When you use Detectron2, before you actually train the model you need to [register it](https://detectron2.readthedocs.io/en/latest/tutorials/datasets.html#register-a-coco-format-dataset).

In [None]:
TRAIN_DATA_SET_NAME='finnforest_train'
register_coco_instances(
    name='finnforest_train',
    metadata={},
    json_file='dataset/train/train.json',
    image_root='dataset/train/images'
)

In [None]:
# VALID SET
VALID_DATA_SET_NAME='finnforest_valid'
register_coco_instances(
    name='finnforest_valid',
    metadata={},
    json_file='dataset/valid/val.json',
    image_root='dataset/valid/images'
)

We can now confirm that our custom dataset was correctly registered using [MetadataCatalog](https://detectron2.readthedocs.io/en/latest/modules/data.html#detectron2.data.MetadataCatalog).

In [None]:
[
    data_set
    for data_set
    in MetadataCatalog.list()
    if data_set.startswith('finnforest')
]

### Visualize

Let's take a look at single entry from out train dataset.

In [None]:
metadata = MetadataCatalog.get(TRAIN_DATA_SET_NAME)
dataset_train = DatasetCatalog.get(TRAIN_DATA_SET_NAME)

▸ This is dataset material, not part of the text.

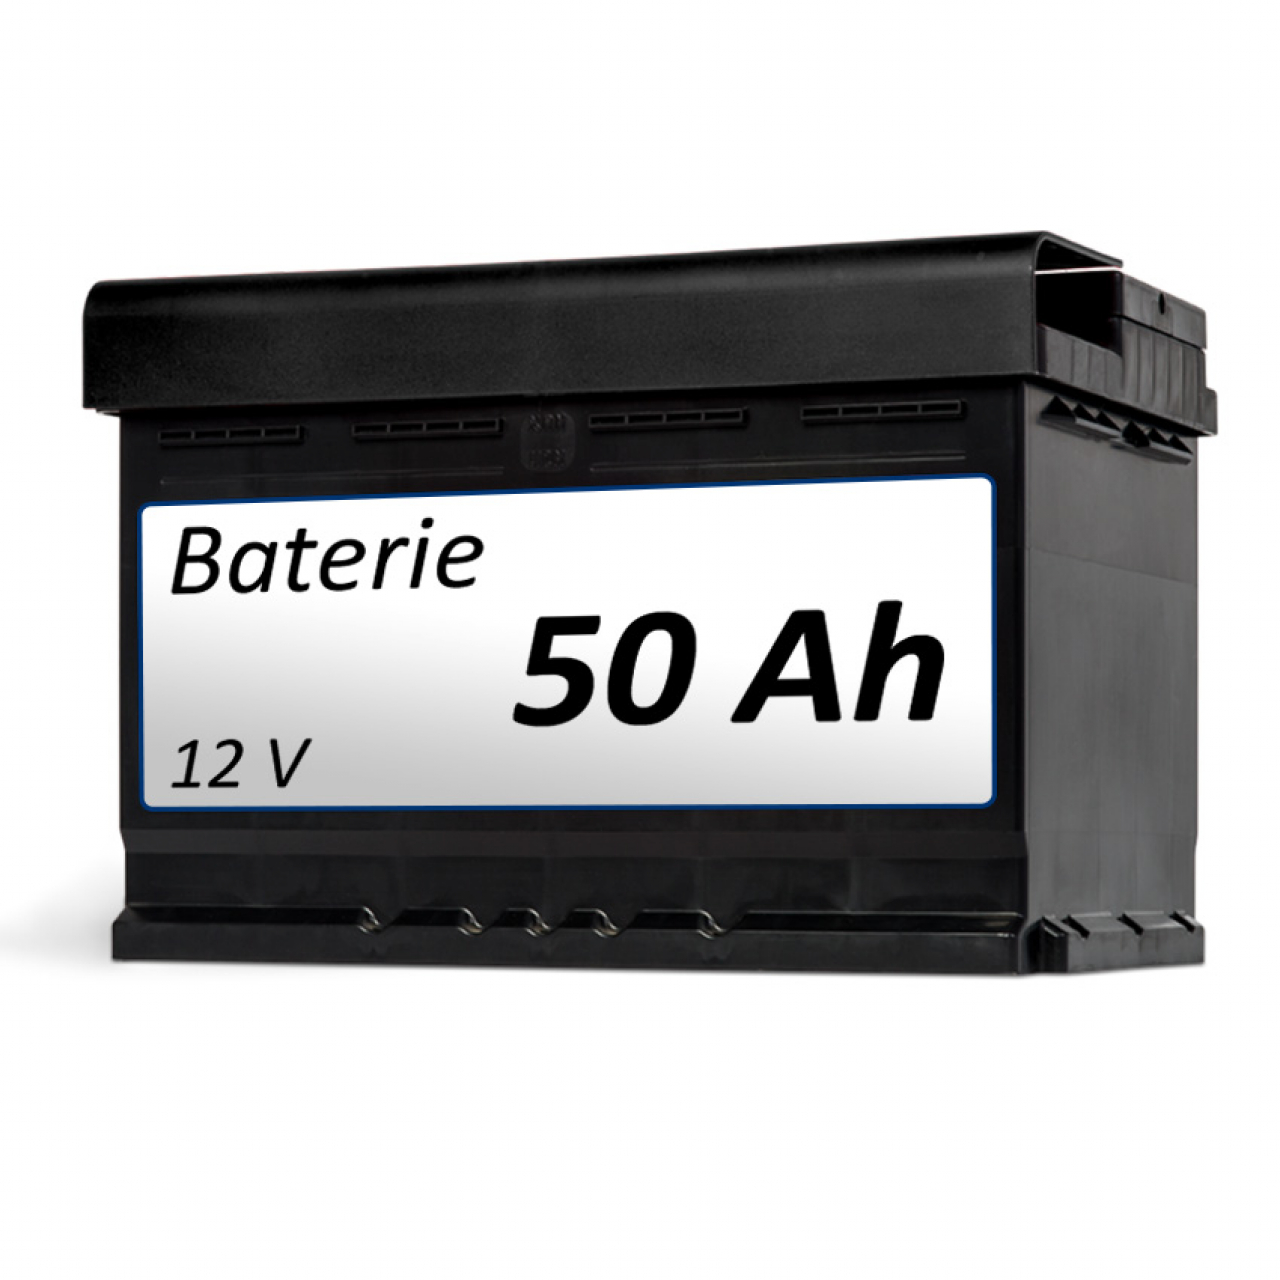 Baterie k elektrickému vozíku Baterie 50 Ah - k vozíku foto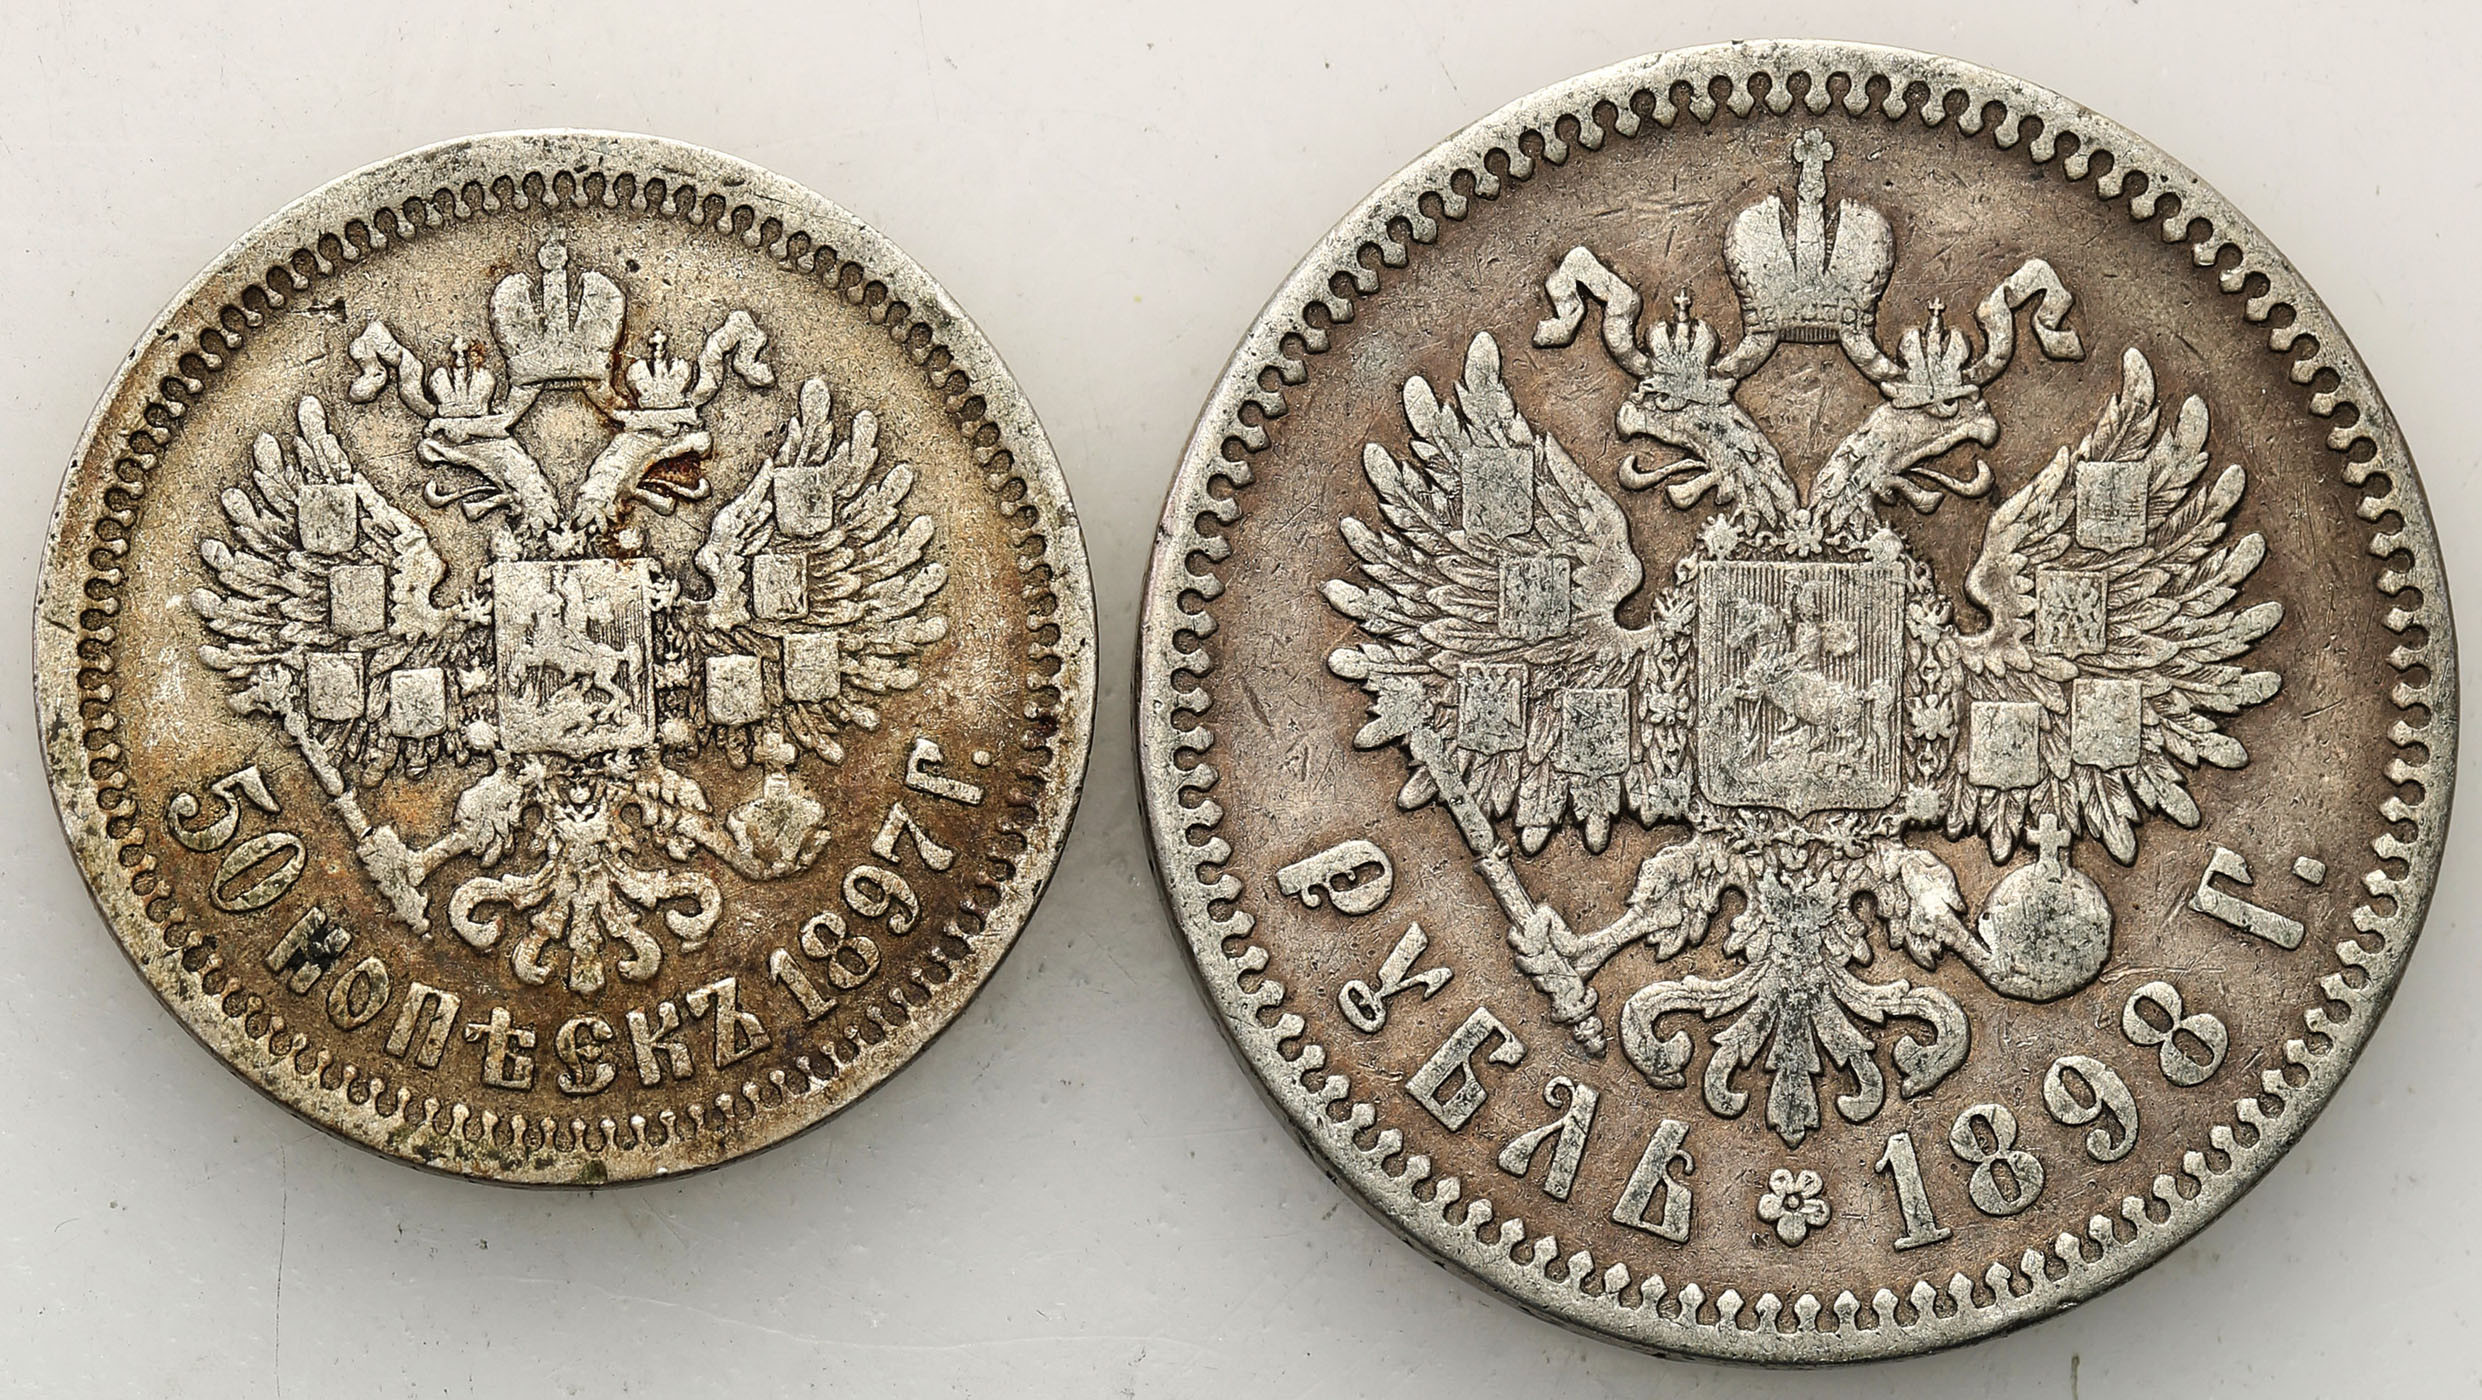 Rosja. Mikołaj II. Rubel 1898 ★, 50 kopiejek 1897 ★, Paryż, zestaw 2 monet

dataset_entry = dataset_train[0]
image = cv2.imread(dataset_entry["file_name"])

visualizer = Visualizer(
    image[:, :, ::-1],
    metadata=metadata,
    scale=0.8,
    instance_mode=ColorMode.IMAGE_BW
)

out = visualizer.draw_dataset_dict(dataset_entry)
cv2_imshow(out.get_image()[:, :, ::-1])
# cv2.imshow('frame', out.get_image()[:, :, ::-1])
# cv2.waitKey(0)
# cv2.destroyAllWindows()

## Train Model Using Custom COCO Format Dataset

### Configuration

### CONFIGS Options

| Name | In sched | train time (s/iter) | inference time (s/im) | train mem (GB) | box AP | mask AP | model id | Config |
| --- | --- | --- | --- | --- | --- | --- | --- | --- |
| R50-C4 | 1x | 0.584 | 0.11 | 5.2 | 36.8 | 32.2 | 137259246 | mask_rcnn_R_50_C4_1x |
| R50-DC5 | 1x | 0.471 | 0.076 | 6.5 | 38.3 | 34.2 | 137260150 | mask_rcnn_R_50_DC5_1x |
| R50-FPN | 1x | 0.261 | 0.043 | 3.4 | 38.6 | 35.2 | 137260431 | mask_rcnn_R_50_FPN_1x |
| R50-C4 | 3x | 0.575 | 0.111 | 5.2 | 39.8 | 34.4 | 137849525 | mask_rcnn_R_50_C4_3x |
| R50-DC5 | 3x | 0.47 | 0.076 | 6.5 | 40 | 35.9 | 137849551 | mask_rcnn_R_50_DC5_3x |
| R50-FPN | 3x | 0.261 | 0.043 | 3.4 | 41 | 37.2 | 137849600 | mask_rcnn_R_50_FPN_3x |
| R101-C4 | 3x | 0.652 | 0.145 | 6.3 | 42.6 | 36.7 | 138363239 | mask_rcnn_R_101_C4_3x |
| R101-DC5 | 3x | 0.545 | 0.092 | 7.6 | 41.9 | 37.3 | 138363294 | mask_rcnn_R_101_DC5_3x |
| R101-FPN | 3x | 0.34 | 0.056 | 4.6 | 42.9 | 38.6 | 138205316 | mask_rcnn_R_101_FPN_3x |
| X101-FPN | 3x | 0.69 | 0.103 | 7.2 | 44.3 | 39.5 | 139653917 | mask_rcnn_X_101_32x8d_FPN_3x |


**JUST COPY THE CONFIG SECTION INTO ARCHITECTURE SECTION CODE**

### Which model to choose?
Its totally depend on the task and the resouce that we have. If we have a lot of data and a lot of resource, we can choose the model with the highest accuracy. If we have a small dataset and a small resource, we can choose the model with the lowest accuracy.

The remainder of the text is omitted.